My implementation does that too (via triggers).

> >Besides a history feature, this includes the ability to record changes
> >made to a materialized view's materialization table, which means I can
> >have triggers that update the materialized view.
>
> Just looking at the commend block in the file, it's not clear what you mean
> by this. Does this mean if you ALTER the "materialization table" (which I
> assume is the materialized output?), does the view somehow get modified?

It means that if you INSERT/UPDATE/DELETE on a VIEW materialized with my
implementation, then those changes are recorded in the history table for
the view. However, it is important that such changes be consistent with
the VIEW, else the next refresh will undo them (naturally).

> >Of particular interest may be the fact that the FULL OUTER JOIN that PG
> >does for REFRESH CONCURRENTLY, and which I copied here, doesn't deal
> >well with views that have NULLs in any columns used in the join. It
> >would be nice to have an equijoin that uses IS NOT DISTINCT FROM rather
> >than just =, and then refreshing could use such a join in order to deal
> >properly with NULLs.
>
> Well, you could potentially just cast the composite types to text and join
> on that, but...

Only if there's a non-ambiguous text representation of row values.
Also, this might make refreshes slow.

> Kevin Grittner (author of the original matviews patch) has mentioned
> detecting changes to underlying relations previously[1]. Getting even a
> simple form of that working is going to be critical for any kind of
> incremental matview updating. It sounds like you're doing something
> different from incremental update, but the core problem is still the same:
> how to efficiently identify changes to underlying matview data and apply
> those changes to the view.

Incremental update is *exactly* what I'm doing. It's also exactly what
REFRESH CONCURRENTLY does today, except that REFRESH CONCURRENTLY
doesn't save the history but my implementation does.
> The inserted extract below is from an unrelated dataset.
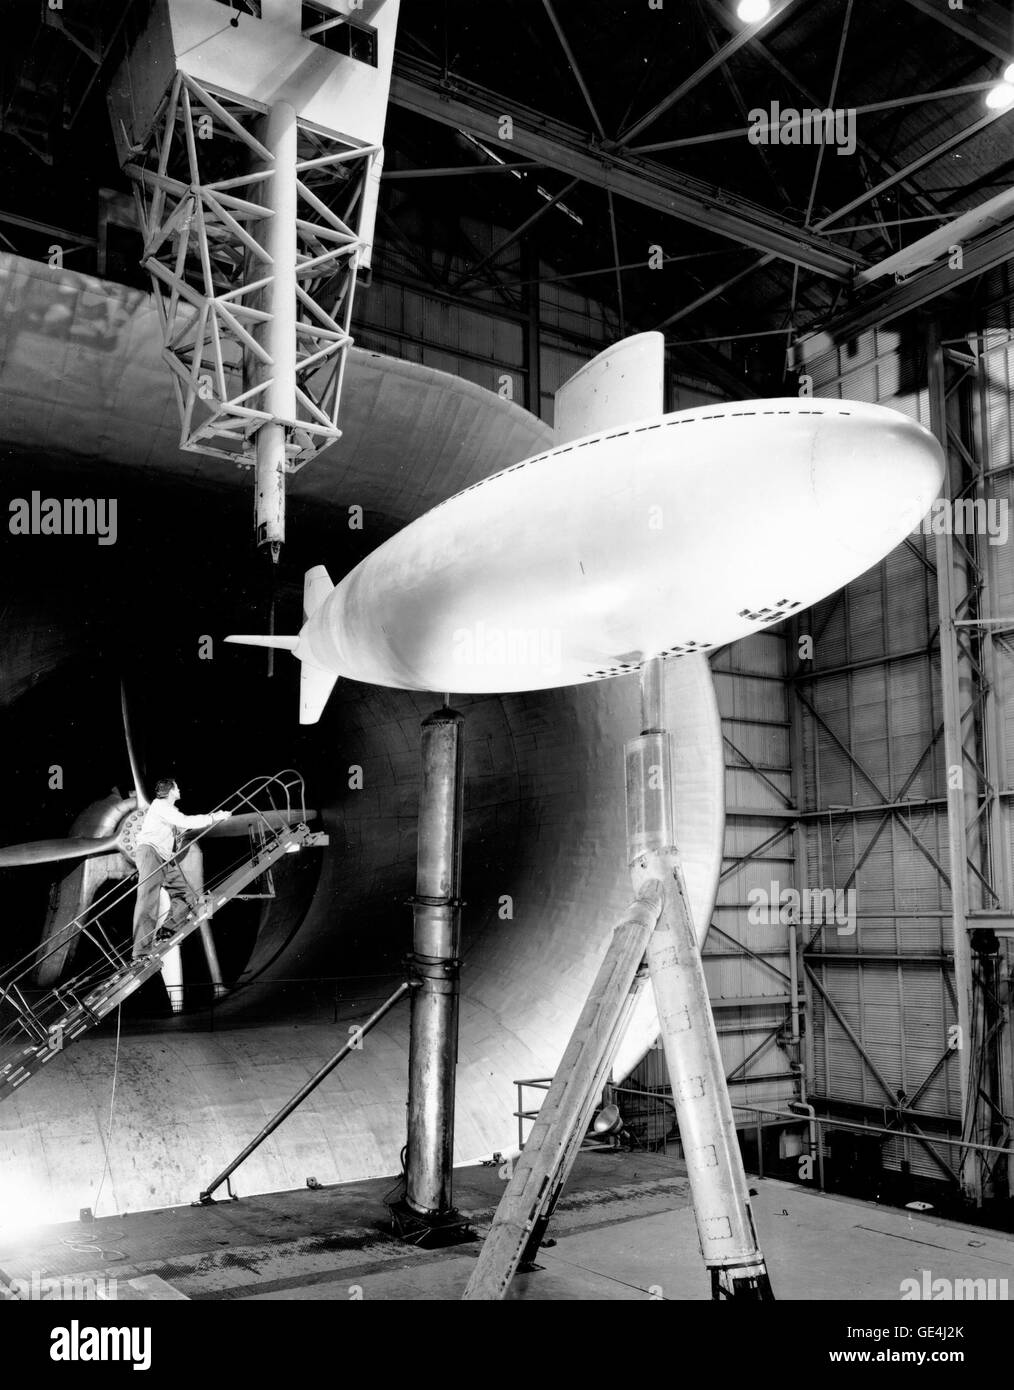 In 1950 Langley tested the drag characteristics of what was then the world's fastest submarine, the Albacore, in the 30 x 60 Full Scale Tunnel. Water and air are both essentially fluids of different densities. Air traveling at high speed can simulate water traveling at lower speed for many purposes. Stock Photo

> I suggest taking a look at what Kevin's written about that, as well as the

Sure.

> paper he mentioned. Some of this does assume that you have the equivalent to
> NEW and OLD, but IIRC those are not actually mandatory (ie: you could use
> the current matview contents as OLD and the dynamic view as NEW). Even a

My implementation is rather trivial. You might want to look at it. Its
guts are actually copied from what PG already does for REFRESH
CONCURRENTLY.

> pure SQL/plpgsql implementation of what's in the paper that Kevin mentioned
> would probably be valuable to ongoing work, as well as being applicable to
> what you've done.
>
> 1: https://www.postgresql.org/message-id/1371480075.55528.YahooMailNeo@web162901.mail.bf1.yahoo.com

Thanks for the link.

My implementation even supports auto-refresh of stale VIEWs and uses
NOTIFY/LISTEN channels as the FIFO. There is a PGSQL-coded conditional
refresh function (refresh_if_needed()) that a daemon calls periodically
and whenever it gets a NOTIFY on a channel that it LISTENs on; the
"sla", last refresh timestamp, and "refresh needed" indicators for each
materialized view, are recorded in a table.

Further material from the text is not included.